Chacina no DF: réus recebem mais de 1.200 anos de prisão

O Tribunal do Júri de Planaltina concluiu, na noite de sábado (18), o julgamento de cinco acusados de participação na chacina que vitimou dez pessoas de uma mesma família no Distrito Federal. O caso, que ganhou repercussão nacional pela brutalidade, terminou com penas que, somadas, ultrapassam 1.200 anos de prisão.

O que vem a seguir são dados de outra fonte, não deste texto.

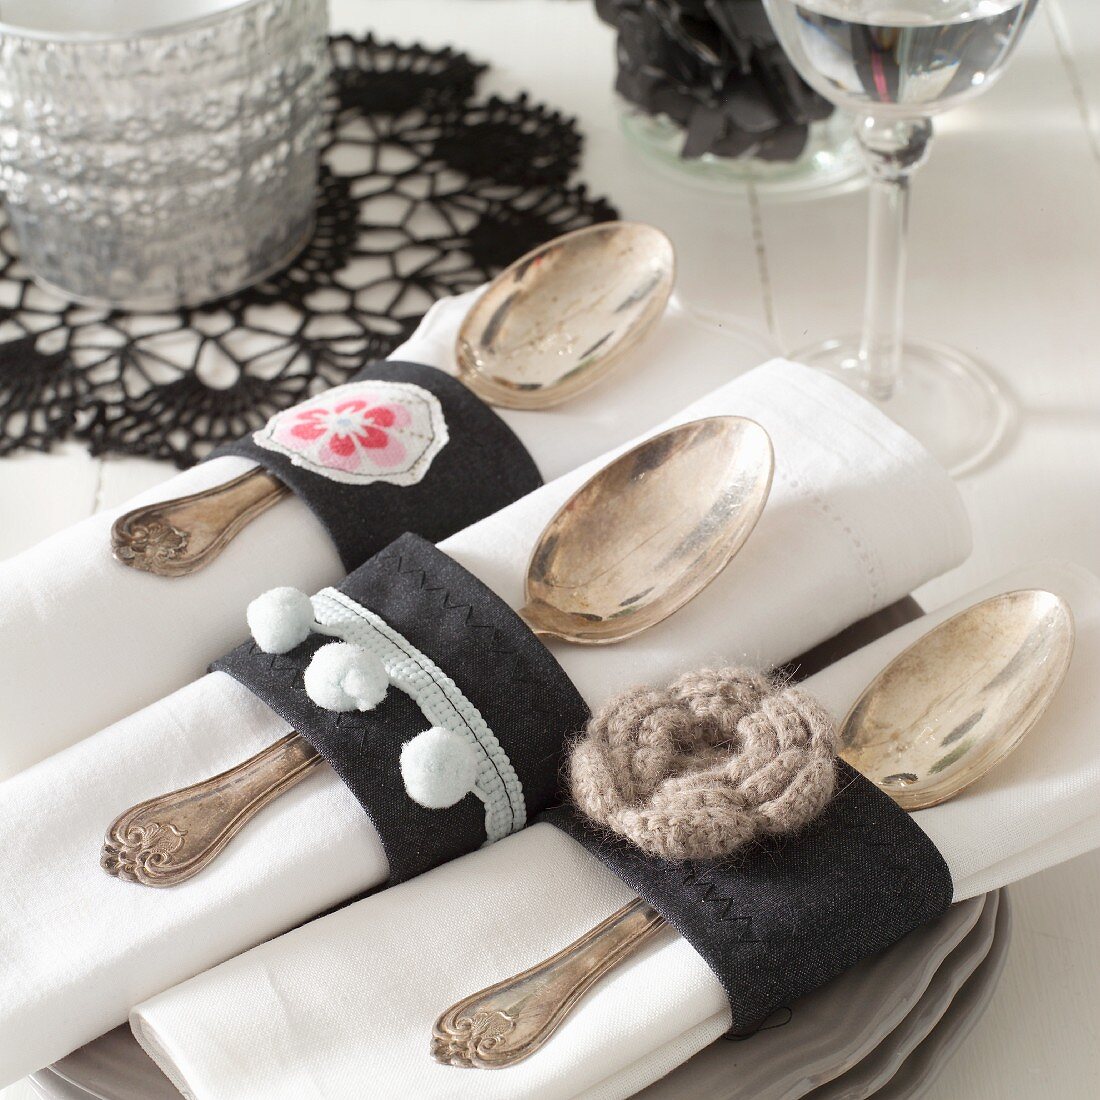 Hand-sewn napkin rings made from black fabric with appliqué flowers holding linen napkins and silver spoons

Os crimes aconteceram entre o fim de dezembro de 2022 e meados de janeiro de 2023 e foram classificados como uma das maiores tragédias já registradas na capital federal. De acordo com o Tribunal de Justiça do Distrito Federal e Territórios, os réus foram considerados culpados por uma série de crimes graves, incluindo homicídios qualificados, sequestro, roubo, ocultação de cadáver e associação criminosa.

Motivação do crime

As investigações apontaram que a motivação do grupo era a disputa por uma chácara localizada na região administrativa do Paranoá, avaliada na época em cerca de R$ 2 milhões. Segundo o processo, os criminosos acreditavam que, eliminando as vítimas, poderiam assumir a posse do imóvel e revendê-lo.

As vítimas

Entre os mortos estão membros de uma mesma família, incluindo crianças. Foram assassinados a cabeleireira Elizamar Silva, de 39 anos; seu marido, Thiago Gabriel Belchior, de 30 anos; e os três filhos do casal, com idades entre 6 e 7 anos.

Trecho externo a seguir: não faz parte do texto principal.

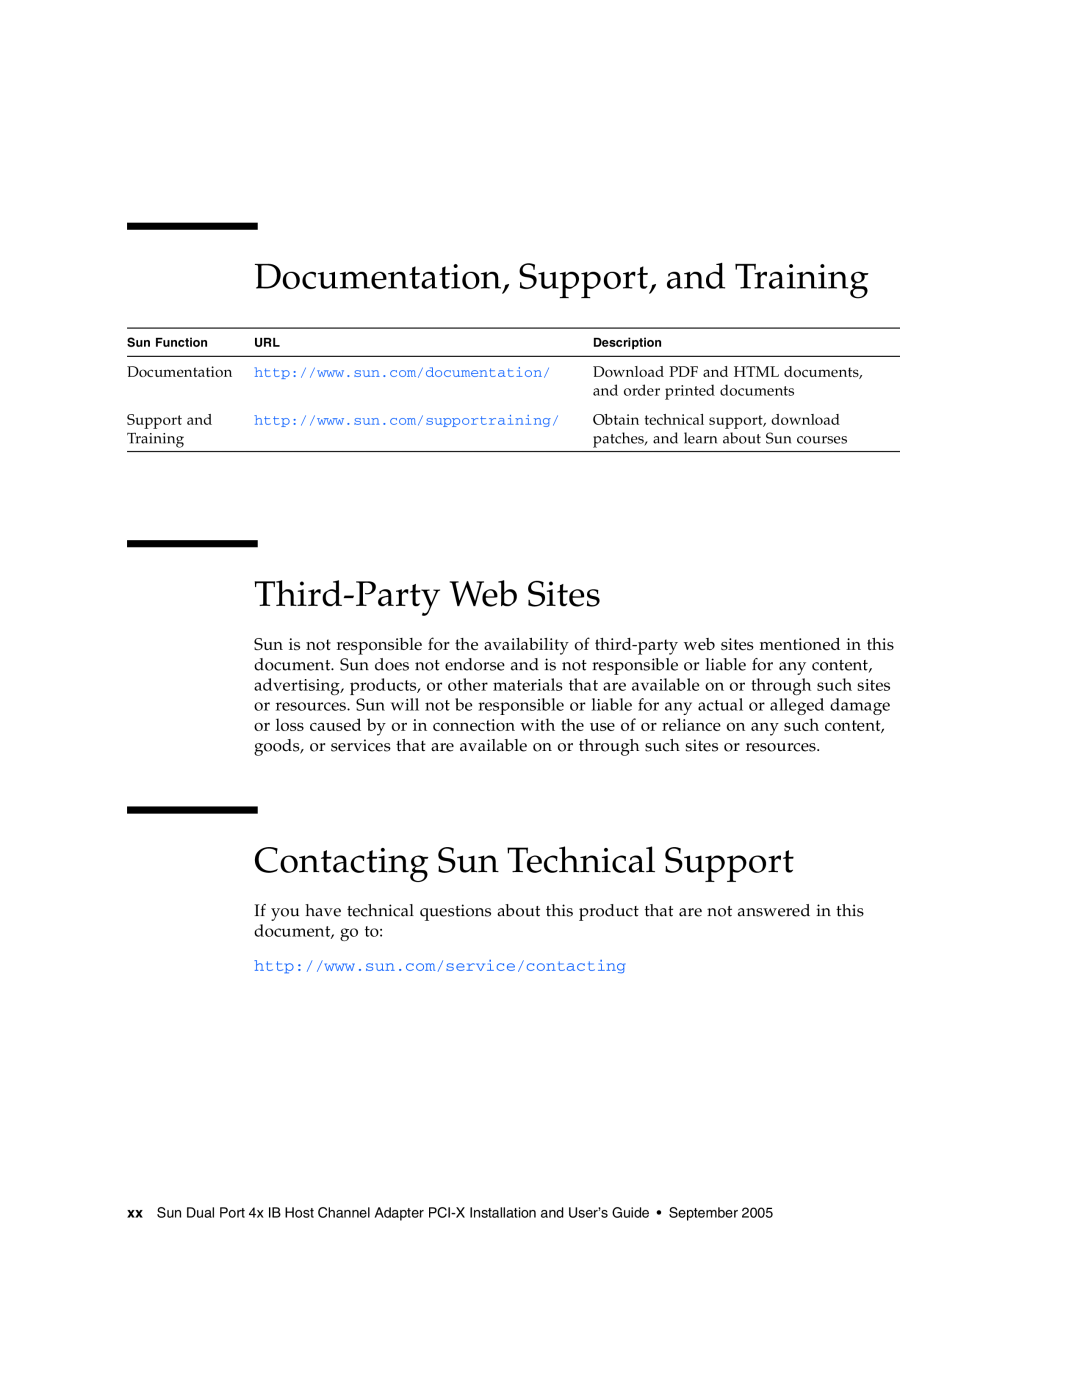 Sun Microsystems PCI manual Documentation, Support, and Training, Third-Party Web Sites, Contacting Sun Technical Support

Também perderam a vida Marcos Antônio Lopes de Oliveira, de 54 anos; Renata Juliene Belchior, de 52; Gabriela Belchior, de 25; Cláudia Regina Marques de Oliveira, de 54; e Ana Beatriz Marques de Oliveira, de 19 anos.

Penas aplicadas

As condenações foram severas e detalhadas pelo tribunal:

  • Gideon Batista de Menezes: 397 anos, 8 meses e 4 dias de reclusão, além de pena adicional de detenção.
  • Carlomam dos Santos Nogueira: 351 anos, 1 mês e 4 dias de reclusão, mais período de detenção.
  • Horácio Carlos Ferreira Barbosa: 300 anos, 6 meses e 2 dias de reclusão, além de detenção.
  • Fabrício Silva Canhedo: 202 anos, 6 meses e 28 dias de reclusão, mais detenção.
  • Carlos Henrique Alves da Silva: 2 anos de reclusão em regime semiaberto pelo crime de cárcere privado.

Os réus foram condenados por diversos crimes, como extorsão mediante sequestro com resultado morte, corrupção de menores, cárcere privado e fraude processual, entre outros.

Declaração do juiz e duração do julgamento

O julgamento durou seis dias e contou com o depoimento de 18 testemunhas. Ao final da sessão, o juiz responsável pelo caso afirmou aos familiares das vítimas que a Justiça entregou a resposta possível dentro dos limites legais, reconhecendo a dimensão da dor causada pela tragédia.

Mesmo condenados, os réus que permanecem presos ainda podem recorrer da decisão.